━━ Raw data
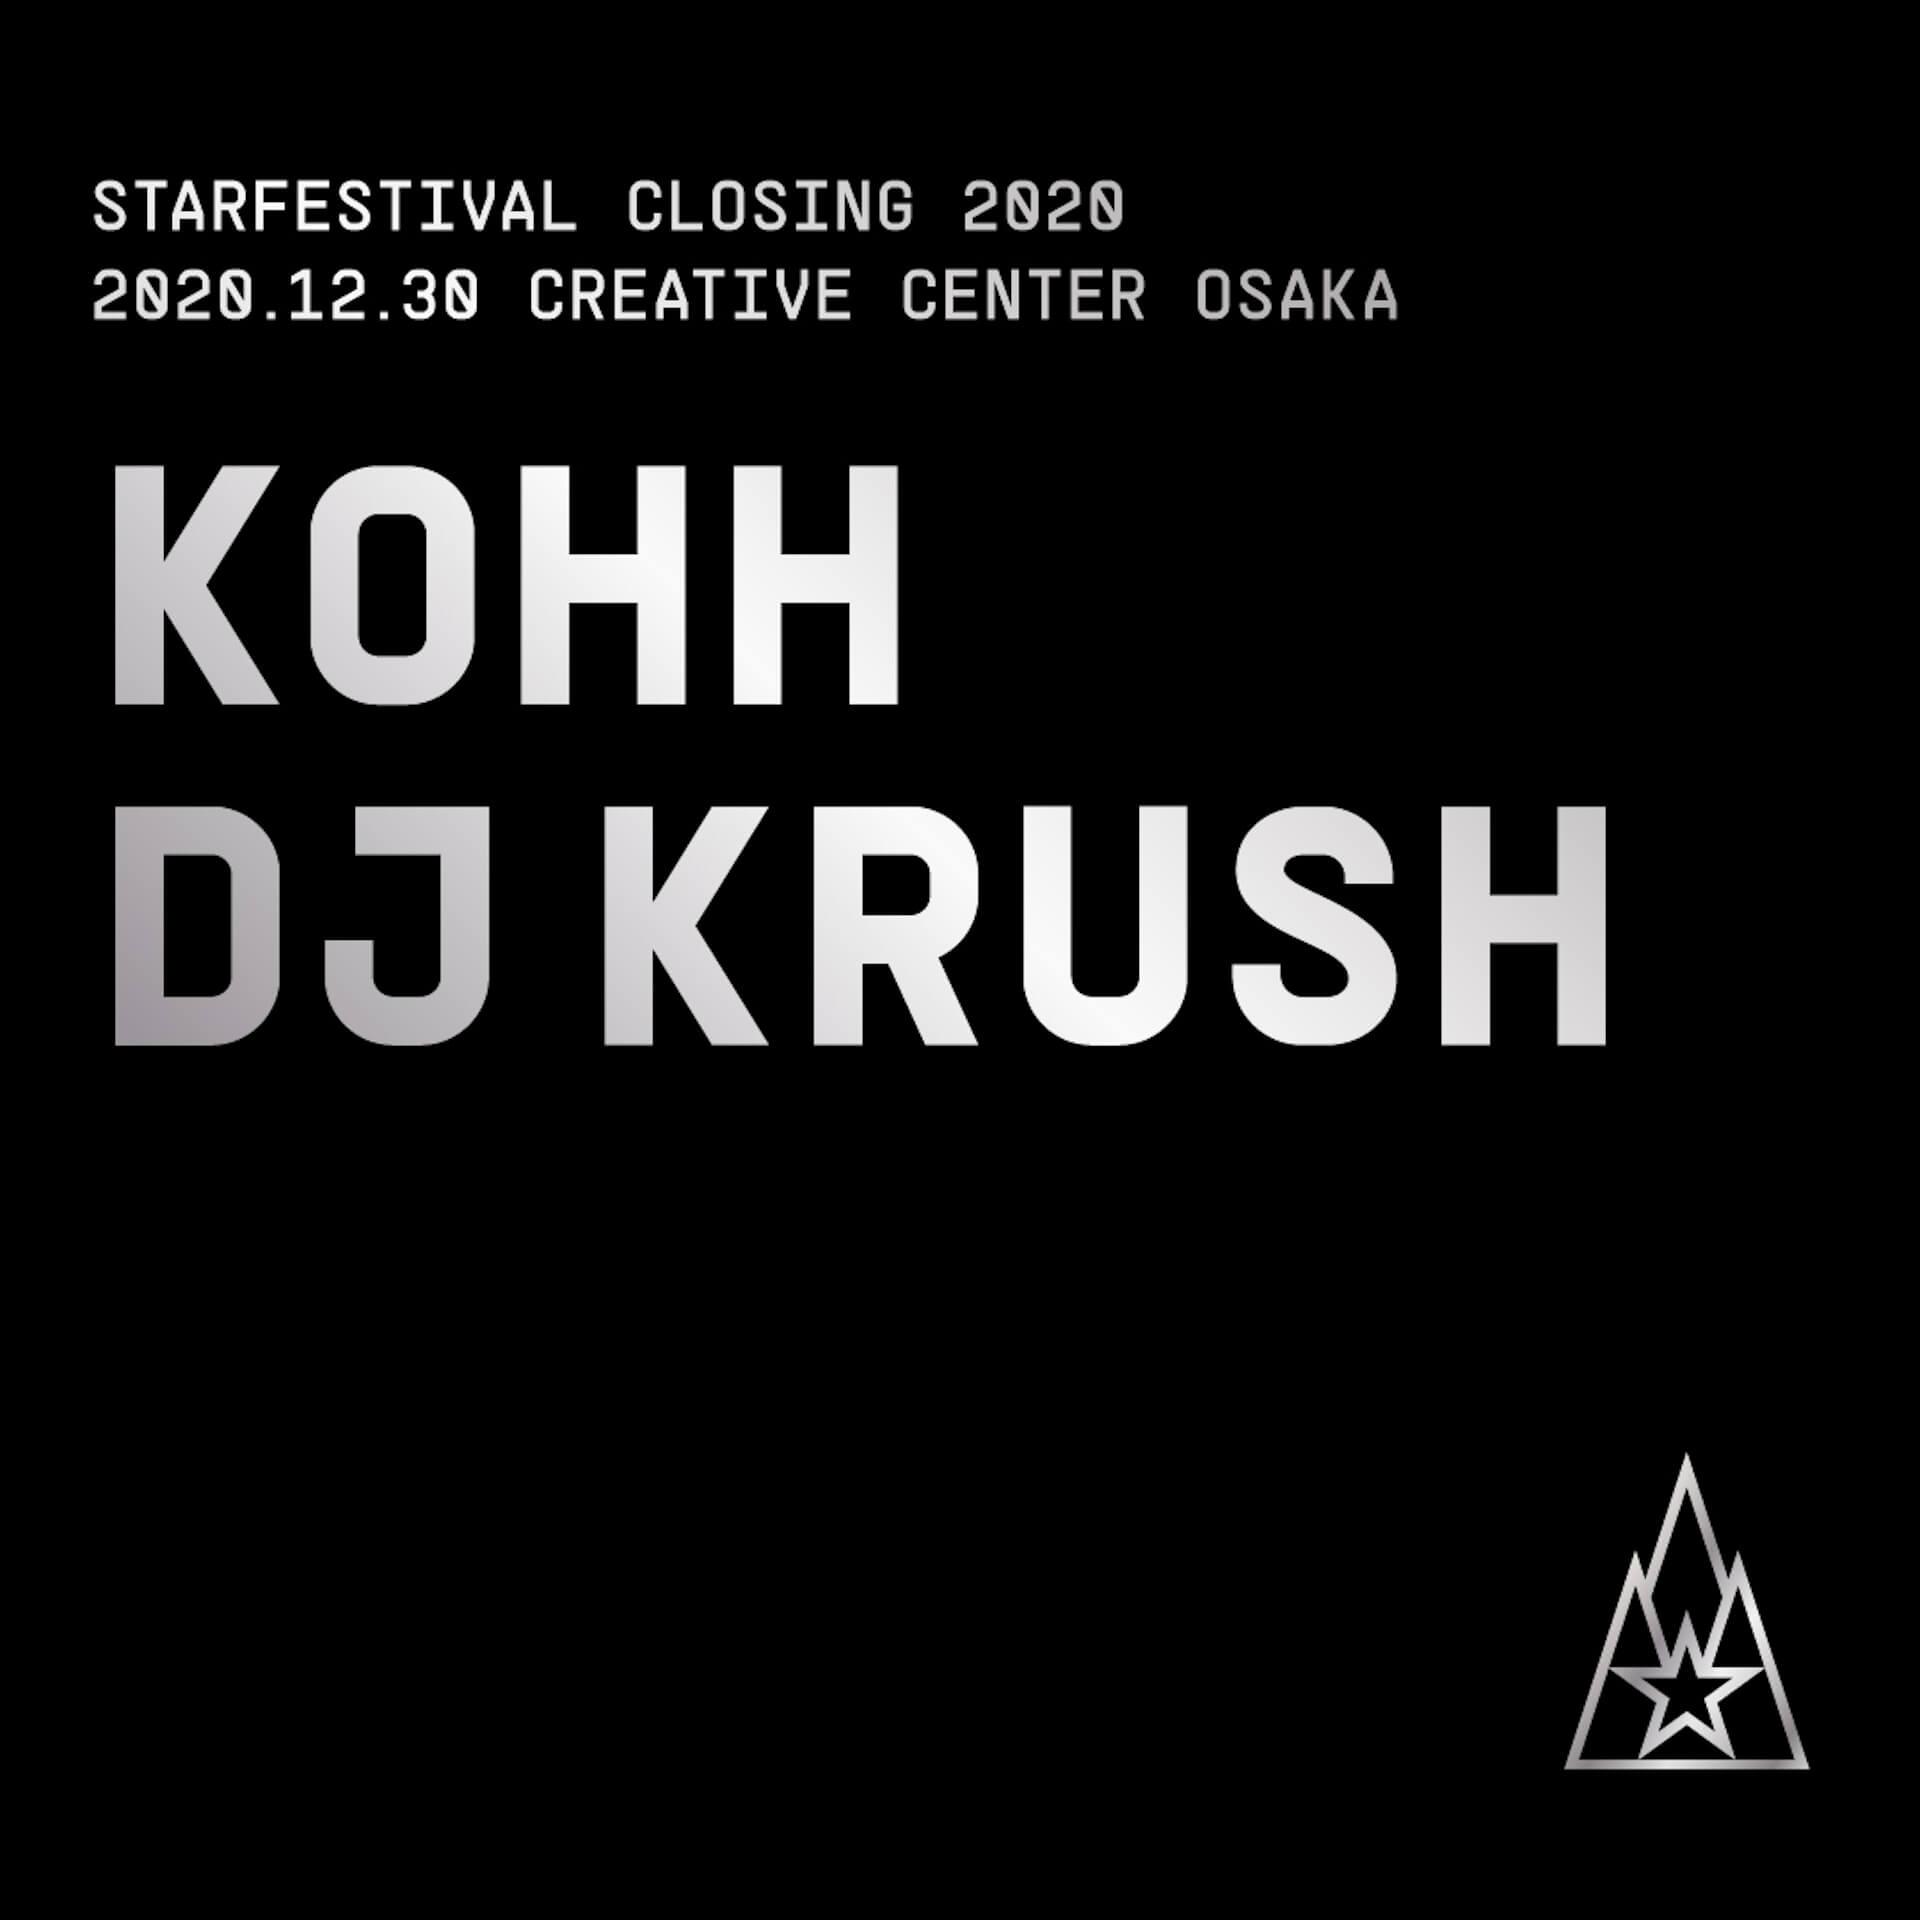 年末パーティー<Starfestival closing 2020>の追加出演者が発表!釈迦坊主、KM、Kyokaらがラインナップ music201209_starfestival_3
━━━━
━━ Raw data
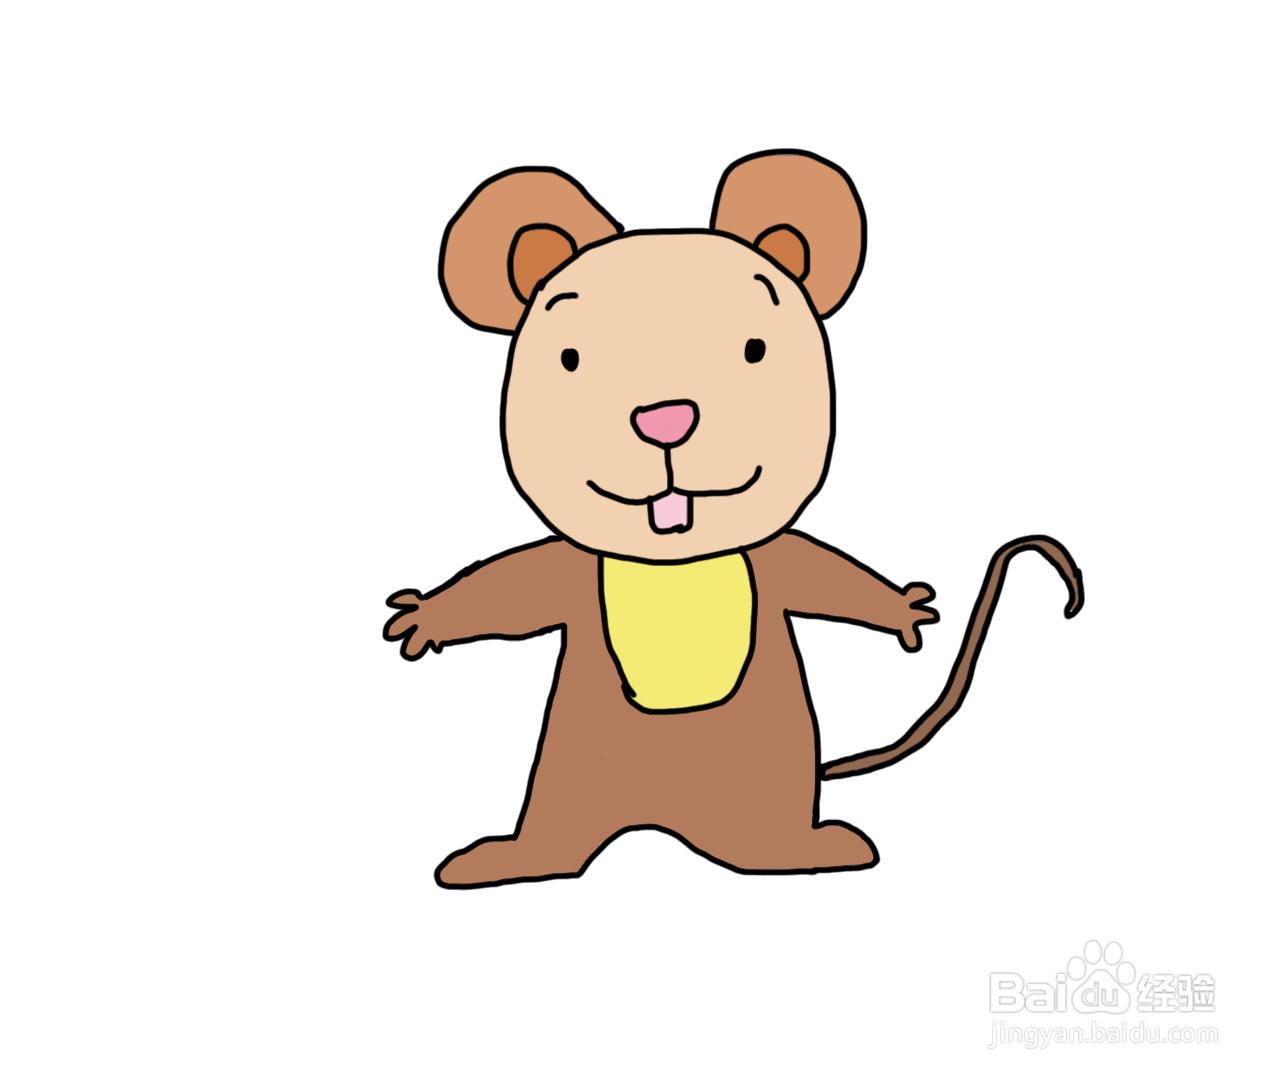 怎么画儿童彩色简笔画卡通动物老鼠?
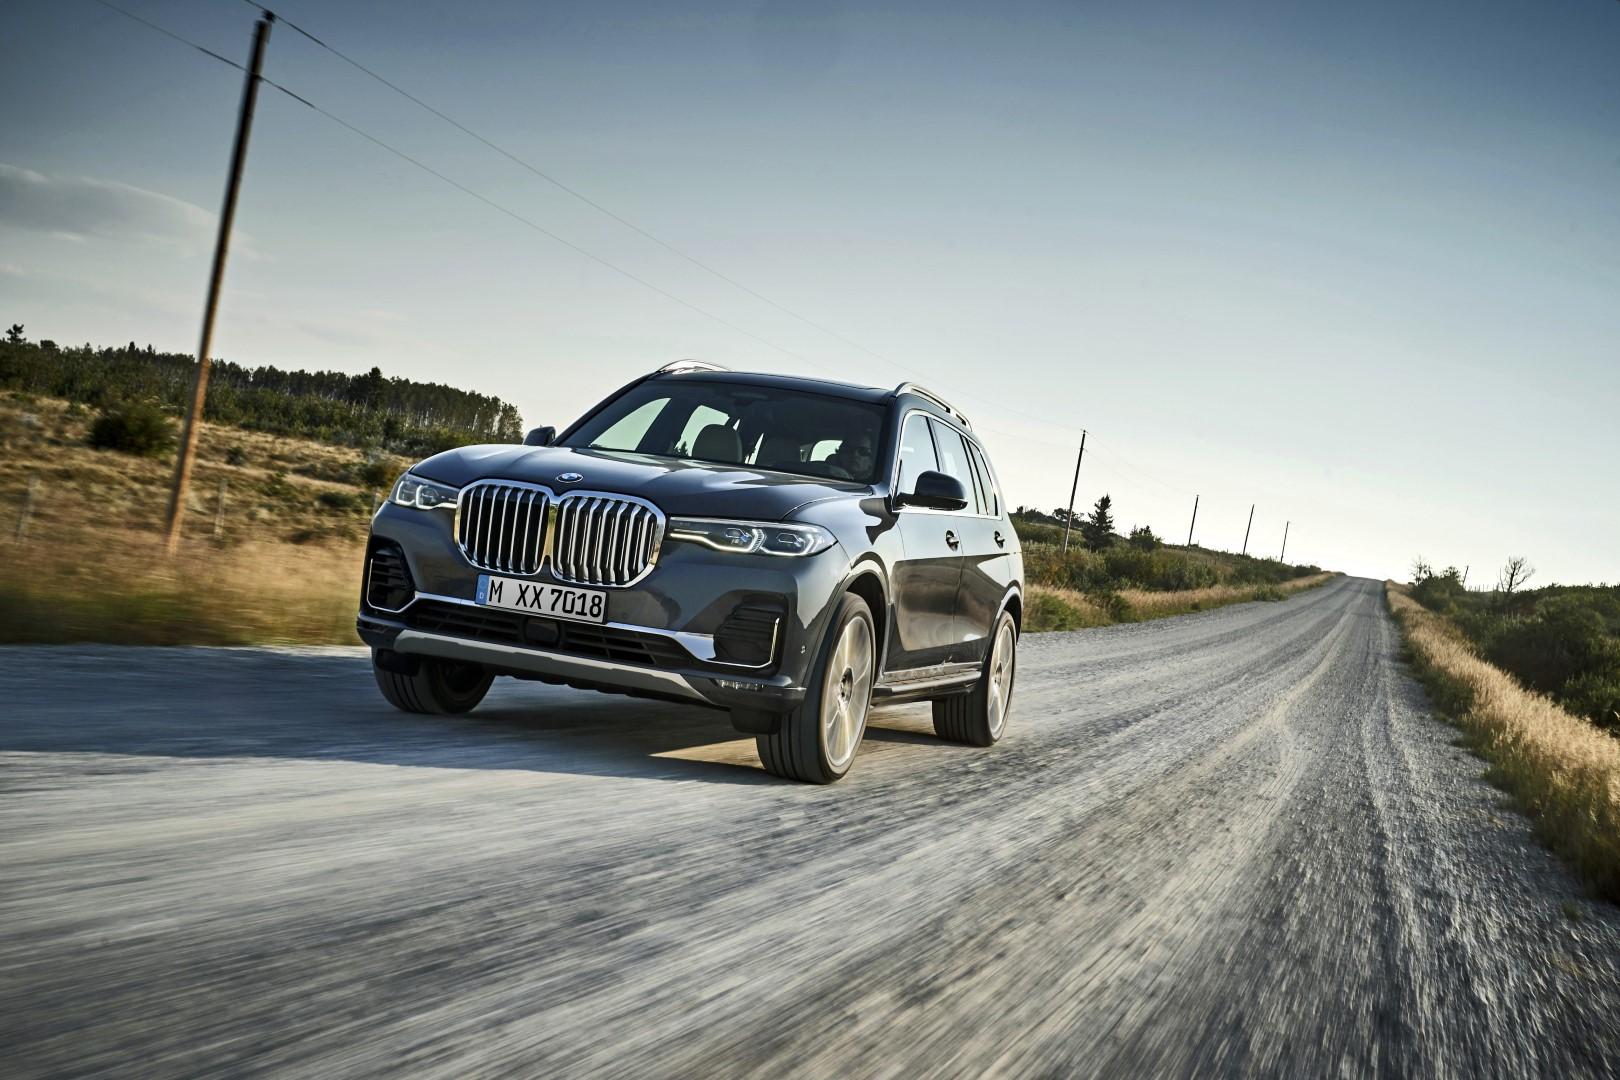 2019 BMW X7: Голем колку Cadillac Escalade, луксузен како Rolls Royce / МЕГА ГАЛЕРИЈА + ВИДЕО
━━━━
## What the task requires
Word for word, retype the lines in the entries above that run from the one with "怎么画儿童彩色简笔画卡通动物老鼠?" through the one with "2019 BMW X7: Голем". Both ends count; pictures do not.

## Output of the exercise
 怎么画儿童彩色简笔画卡通动物老鼠?
 2019 BMW X7: Голем колку Cadillac Escalade, луксузен како Rolls Royce / МЕГА ГАЛЕРИЈА + ВИДЕО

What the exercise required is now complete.